**TASK TO COMPLETE:** With the records below as your source, retype each line exactly from the top down to the line that contains "SNS用!イラスト描きます シンプルかつ", and include that line.

Saved entries:

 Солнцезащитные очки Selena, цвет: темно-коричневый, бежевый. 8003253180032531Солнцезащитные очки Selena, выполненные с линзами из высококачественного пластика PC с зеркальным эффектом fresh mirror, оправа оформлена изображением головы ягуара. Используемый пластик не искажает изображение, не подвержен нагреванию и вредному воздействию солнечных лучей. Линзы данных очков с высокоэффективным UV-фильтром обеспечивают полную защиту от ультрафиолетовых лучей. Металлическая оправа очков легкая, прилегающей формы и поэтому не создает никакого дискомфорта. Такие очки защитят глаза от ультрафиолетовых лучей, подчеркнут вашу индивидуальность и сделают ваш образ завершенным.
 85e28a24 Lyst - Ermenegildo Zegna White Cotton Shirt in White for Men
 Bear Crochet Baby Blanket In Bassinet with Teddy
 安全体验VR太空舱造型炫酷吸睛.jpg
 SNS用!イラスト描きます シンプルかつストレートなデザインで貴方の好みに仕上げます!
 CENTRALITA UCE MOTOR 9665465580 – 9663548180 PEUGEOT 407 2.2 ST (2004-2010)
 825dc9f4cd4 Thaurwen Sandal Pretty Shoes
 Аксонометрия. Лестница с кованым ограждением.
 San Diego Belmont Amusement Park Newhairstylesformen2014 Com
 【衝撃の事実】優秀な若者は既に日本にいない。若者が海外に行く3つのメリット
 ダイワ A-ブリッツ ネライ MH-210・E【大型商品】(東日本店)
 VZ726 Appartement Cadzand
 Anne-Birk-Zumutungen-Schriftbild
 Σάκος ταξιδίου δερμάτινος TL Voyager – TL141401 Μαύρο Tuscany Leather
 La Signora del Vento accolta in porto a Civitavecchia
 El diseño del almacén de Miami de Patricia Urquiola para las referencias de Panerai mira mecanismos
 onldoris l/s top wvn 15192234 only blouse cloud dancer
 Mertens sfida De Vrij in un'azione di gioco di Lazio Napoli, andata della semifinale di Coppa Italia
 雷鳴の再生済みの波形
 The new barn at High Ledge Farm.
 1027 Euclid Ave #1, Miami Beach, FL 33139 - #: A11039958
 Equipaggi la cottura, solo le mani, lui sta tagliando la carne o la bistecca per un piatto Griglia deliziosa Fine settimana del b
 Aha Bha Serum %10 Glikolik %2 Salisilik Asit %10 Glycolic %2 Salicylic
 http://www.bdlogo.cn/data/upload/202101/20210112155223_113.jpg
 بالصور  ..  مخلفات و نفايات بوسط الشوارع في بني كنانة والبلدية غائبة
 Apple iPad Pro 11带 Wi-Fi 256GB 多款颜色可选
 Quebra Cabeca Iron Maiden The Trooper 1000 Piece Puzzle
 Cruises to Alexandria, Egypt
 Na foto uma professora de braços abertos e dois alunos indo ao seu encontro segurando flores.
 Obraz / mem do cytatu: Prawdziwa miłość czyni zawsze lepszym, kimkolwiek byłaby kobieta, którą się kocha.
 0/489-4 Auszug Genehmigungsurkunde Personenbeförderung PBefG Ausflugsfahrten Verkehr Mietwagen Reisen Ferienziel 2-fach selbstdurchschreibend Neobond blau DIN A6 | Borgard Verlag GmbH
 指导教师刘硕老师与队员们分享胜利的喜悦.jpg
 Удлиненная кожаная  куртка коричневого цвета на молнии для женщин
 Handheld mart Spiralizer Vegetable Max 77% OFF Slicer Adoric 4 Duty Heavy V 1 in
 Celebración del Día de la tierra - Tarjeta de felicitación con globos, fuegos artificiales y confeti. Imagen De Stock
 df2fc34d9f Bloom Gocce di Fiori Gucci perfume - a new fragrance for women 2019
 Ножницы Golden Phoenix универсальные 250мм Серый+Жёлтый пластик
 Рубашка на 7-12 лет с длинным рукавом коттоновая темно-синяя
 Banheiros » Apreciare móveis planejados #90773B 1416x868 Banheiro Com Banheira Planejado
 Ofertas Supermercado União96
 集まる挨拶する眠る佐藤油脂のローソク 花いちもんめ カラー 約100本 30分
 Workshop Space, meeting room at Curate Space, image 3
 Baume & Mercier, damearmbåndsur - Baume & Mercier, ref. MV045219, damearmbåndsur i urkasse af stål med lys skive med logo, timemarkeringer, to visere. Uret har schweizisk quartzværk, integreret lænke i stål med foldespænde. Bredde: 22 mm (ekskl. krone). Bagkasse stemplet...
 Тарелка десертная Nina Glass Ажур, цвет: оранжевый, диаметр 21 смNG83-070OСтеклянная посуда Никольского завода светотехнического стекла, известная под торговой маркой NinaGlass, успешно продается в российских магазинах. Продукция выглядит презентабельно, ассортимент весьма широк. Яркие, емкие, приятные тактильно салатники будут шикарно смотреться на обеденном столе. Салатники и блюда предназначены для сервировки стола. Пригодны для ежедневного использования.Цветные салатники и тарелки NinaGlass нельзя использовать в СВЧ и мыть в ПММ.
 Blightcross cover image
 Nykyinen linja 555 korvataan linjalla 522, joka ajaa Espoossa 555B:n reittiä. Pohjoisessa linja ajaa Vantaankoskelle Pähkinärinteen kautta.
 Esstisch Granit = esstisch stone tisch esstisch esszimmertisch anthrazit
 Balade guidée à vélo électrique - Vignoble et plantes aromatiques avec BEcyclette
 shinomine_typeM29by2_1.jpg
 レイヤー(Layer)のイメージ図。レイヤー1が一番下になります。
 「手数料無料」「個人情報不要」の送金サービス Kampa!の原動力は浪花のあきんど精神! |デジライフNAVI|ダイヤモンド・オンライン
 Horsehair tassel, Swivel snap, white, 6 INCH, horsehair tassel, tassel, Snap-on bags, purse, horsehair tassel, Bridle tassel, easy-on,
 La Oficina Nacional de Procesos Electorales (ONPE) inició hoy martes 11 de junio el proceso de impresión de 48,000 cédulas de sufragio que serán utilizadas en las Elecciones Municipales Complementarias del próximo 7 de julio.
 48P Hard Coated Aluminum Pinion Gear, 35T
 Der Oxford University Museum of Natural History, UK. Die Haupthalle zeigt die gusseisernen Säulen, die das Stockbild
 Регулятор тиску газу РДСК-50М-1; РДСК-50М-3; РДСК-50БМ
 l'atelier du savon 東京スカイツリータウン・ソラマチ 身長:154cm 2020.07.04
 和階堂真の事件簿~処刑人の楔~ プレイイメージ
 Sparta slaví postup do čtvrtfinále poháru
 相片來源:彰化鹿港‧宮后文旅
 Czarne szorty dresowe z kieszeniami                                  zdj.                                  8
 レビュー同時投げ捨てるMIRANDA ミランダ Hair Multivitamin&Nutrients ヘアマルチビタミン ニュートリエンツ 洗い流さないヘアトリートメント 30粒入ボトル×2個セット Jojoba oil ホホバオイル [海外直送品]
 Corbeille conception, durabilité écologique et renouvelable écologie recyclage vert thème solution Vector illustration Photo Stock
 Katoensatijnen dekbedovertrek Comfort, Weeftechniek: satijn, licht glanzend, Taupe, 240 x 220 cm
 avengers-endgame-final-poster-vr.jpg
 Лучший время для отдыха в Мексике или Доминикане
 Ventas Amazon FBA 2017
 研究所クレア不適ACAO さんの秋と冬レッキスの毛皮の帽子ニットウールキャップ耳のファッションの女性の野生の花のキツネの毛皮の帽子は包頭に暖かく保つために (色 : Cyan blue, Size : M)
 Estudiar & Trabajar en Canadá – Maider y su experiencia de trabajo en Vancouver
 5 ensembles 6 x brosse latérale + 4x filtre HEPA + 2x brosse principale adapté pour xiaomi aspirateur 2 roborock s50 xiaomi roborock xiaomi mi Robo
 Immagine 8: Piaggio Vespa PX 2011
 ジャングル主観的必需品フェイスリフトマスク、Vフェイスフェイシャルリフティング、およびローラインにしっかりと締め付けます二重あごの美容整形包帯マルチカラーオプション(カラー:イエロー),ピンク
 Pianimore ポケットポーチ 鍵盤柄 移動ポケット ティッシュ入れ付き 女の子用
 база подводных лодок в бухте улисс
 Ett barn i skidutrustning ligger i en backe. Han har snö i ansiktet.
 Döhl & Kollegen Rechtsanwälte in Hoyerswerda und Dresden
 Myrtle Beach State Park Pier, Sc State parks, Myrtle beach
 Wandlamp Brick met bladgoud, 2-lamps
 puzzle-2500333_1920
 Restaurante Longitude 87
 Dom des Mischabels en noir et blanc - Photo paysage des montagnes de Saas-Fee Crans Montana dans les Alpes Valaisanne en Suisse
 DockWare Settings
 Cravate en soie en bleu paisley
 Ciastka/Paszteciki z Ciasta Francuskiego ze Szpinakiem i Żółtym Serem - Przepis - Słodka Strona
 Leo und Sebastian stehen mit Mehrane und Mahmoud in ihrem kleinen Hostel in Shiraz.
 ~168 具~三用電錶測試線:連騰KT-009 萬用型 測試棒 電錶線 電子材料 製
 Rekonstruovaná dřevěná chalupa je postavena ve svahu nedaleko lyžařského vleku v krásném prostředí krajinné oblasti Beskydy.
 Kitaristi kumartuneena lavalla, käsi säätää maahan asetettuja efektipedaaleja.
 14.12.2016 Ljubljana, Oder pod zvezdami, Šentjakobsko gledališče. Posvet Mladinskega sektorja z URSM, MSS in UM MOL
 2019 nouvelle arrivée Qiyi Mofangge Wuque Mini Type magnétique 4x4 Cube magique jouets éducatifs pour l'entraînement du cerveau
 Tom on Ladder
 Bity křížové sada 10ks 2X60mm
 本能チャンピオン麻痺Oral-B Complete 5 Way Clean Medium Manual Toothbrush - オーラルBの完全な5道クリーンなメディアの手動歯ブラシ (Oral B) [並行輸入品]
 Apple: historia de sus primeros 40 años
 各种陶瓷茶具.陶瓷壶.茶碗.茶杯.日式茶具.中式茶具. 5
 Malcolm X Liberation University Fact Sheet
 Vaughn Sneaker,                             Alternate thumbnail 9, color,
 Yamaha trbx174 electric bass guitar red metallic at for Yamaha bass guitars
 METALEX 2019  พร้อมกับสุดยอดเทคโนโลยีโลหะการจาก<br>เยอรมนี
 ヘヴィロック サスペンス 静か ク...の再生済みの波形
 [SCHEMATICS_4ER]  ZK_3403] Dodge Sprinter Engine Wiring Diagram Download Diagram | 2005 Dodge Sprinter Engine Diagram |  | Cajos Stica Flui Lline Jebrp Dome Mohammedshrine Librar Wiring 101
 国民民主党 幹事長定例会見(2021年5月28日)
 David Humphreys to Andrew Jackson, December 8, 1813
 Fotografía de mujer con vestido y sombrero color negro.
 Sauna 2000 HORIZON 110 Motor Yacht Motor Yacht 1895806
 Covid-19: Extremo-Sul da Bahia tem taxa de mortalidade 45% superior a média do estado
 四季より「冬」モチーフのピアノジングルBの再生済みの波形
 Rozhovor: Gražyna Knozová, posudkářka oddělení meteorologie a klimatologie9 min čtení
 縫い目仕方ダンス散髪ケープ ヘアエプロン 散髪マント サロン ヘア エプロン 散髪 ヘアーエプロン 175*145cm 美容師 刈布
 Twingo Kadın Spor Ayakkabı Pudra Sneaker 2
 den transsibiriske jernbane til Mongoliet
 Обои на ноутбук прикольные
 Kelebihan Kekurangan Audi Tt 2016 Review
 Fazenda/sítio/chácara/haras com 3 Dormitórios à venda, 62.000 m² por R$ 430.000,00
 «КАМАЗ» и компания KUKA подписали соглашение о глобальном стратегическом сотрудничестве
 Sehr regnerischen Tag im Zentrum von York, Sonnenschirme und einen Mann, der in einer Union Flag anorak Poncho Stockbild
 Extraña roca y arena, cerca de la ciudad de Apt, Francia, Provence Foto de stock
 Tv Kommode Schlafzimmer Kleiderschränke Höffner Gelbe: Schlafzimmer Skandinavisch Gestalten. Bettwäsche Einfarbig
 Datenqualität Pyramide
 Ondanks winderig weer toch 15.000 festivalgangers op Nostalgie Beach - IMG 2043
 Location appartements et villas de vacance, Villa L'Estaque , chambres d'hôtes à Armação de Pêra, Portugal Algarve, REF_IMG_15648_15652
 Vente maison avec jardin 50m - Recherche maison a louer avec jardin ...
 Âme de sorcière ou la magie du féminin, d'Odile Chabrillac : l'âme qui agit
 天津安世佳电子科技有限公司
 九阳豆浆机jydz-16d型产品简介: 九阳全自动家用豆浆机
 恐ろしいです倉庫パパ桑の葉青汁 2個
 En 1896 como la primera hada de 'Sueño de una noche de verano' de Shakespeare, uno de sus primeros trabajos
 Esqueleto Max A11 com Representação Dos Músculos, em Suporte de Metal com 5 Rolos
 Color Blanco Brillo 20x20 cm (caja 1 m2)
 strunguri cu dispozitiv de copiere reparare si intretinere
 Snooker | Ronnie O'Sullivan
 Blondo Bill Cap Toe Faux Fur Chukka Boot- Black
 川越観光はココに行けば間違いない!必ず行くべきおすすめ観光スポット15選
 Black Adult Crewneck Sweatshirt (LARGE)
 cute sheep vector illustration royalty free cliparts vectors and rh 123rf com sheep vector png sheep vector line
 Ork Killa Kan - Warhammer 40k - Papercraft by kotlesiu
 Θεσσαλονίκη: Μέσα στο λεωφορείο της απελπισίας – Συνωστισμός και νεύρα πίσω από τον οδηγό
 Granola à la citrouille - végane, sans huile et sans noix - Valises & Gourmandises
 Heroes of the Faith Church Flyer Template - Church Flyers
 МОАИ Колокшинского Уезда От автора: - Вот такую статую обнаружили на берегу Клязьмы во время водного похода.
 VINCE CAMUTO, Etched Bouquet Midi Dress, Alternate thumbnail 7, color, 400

**TASK RESULT:**
 Солнцезащитные очки Selena, цвет: темно-коричневый, бежевый. 8003253180032531Солнцезащитные очки Selena, выполненные с линзами из высококачественного пластика PC с зеркальным эффектом fresh mirror, оправа оформлена изображением головы ягуара. Используемый пластик не искажает изображение, не подвержен нагреванию и вредному воздействию солнечных лучей. Линзы данных очков с высокоэффективным UV-фильтром обеспечивают полную защиту от ультрафиолетовых лучей. Металлическая оправа очков легкая, прилегающей формы и поэтому не создает никакого дискомфорта. Такие очки защитят глаза от ультрафиолетовых лучей, подчеркнут вашу индивидуальность и сделают ваш образ завершенным.
 85e28a24 Lyst - Ermenegildo Zegna White Cotton Shirt in White for Men
 Bear Crochet Baby Blanket In Bassinet with Teddy
 安全体验VR太空舱造型炫酷吸睛.jpg
 SNS用!イラスト描きます シンプルかつストレートなデザインで貴方の好みに仕上げます!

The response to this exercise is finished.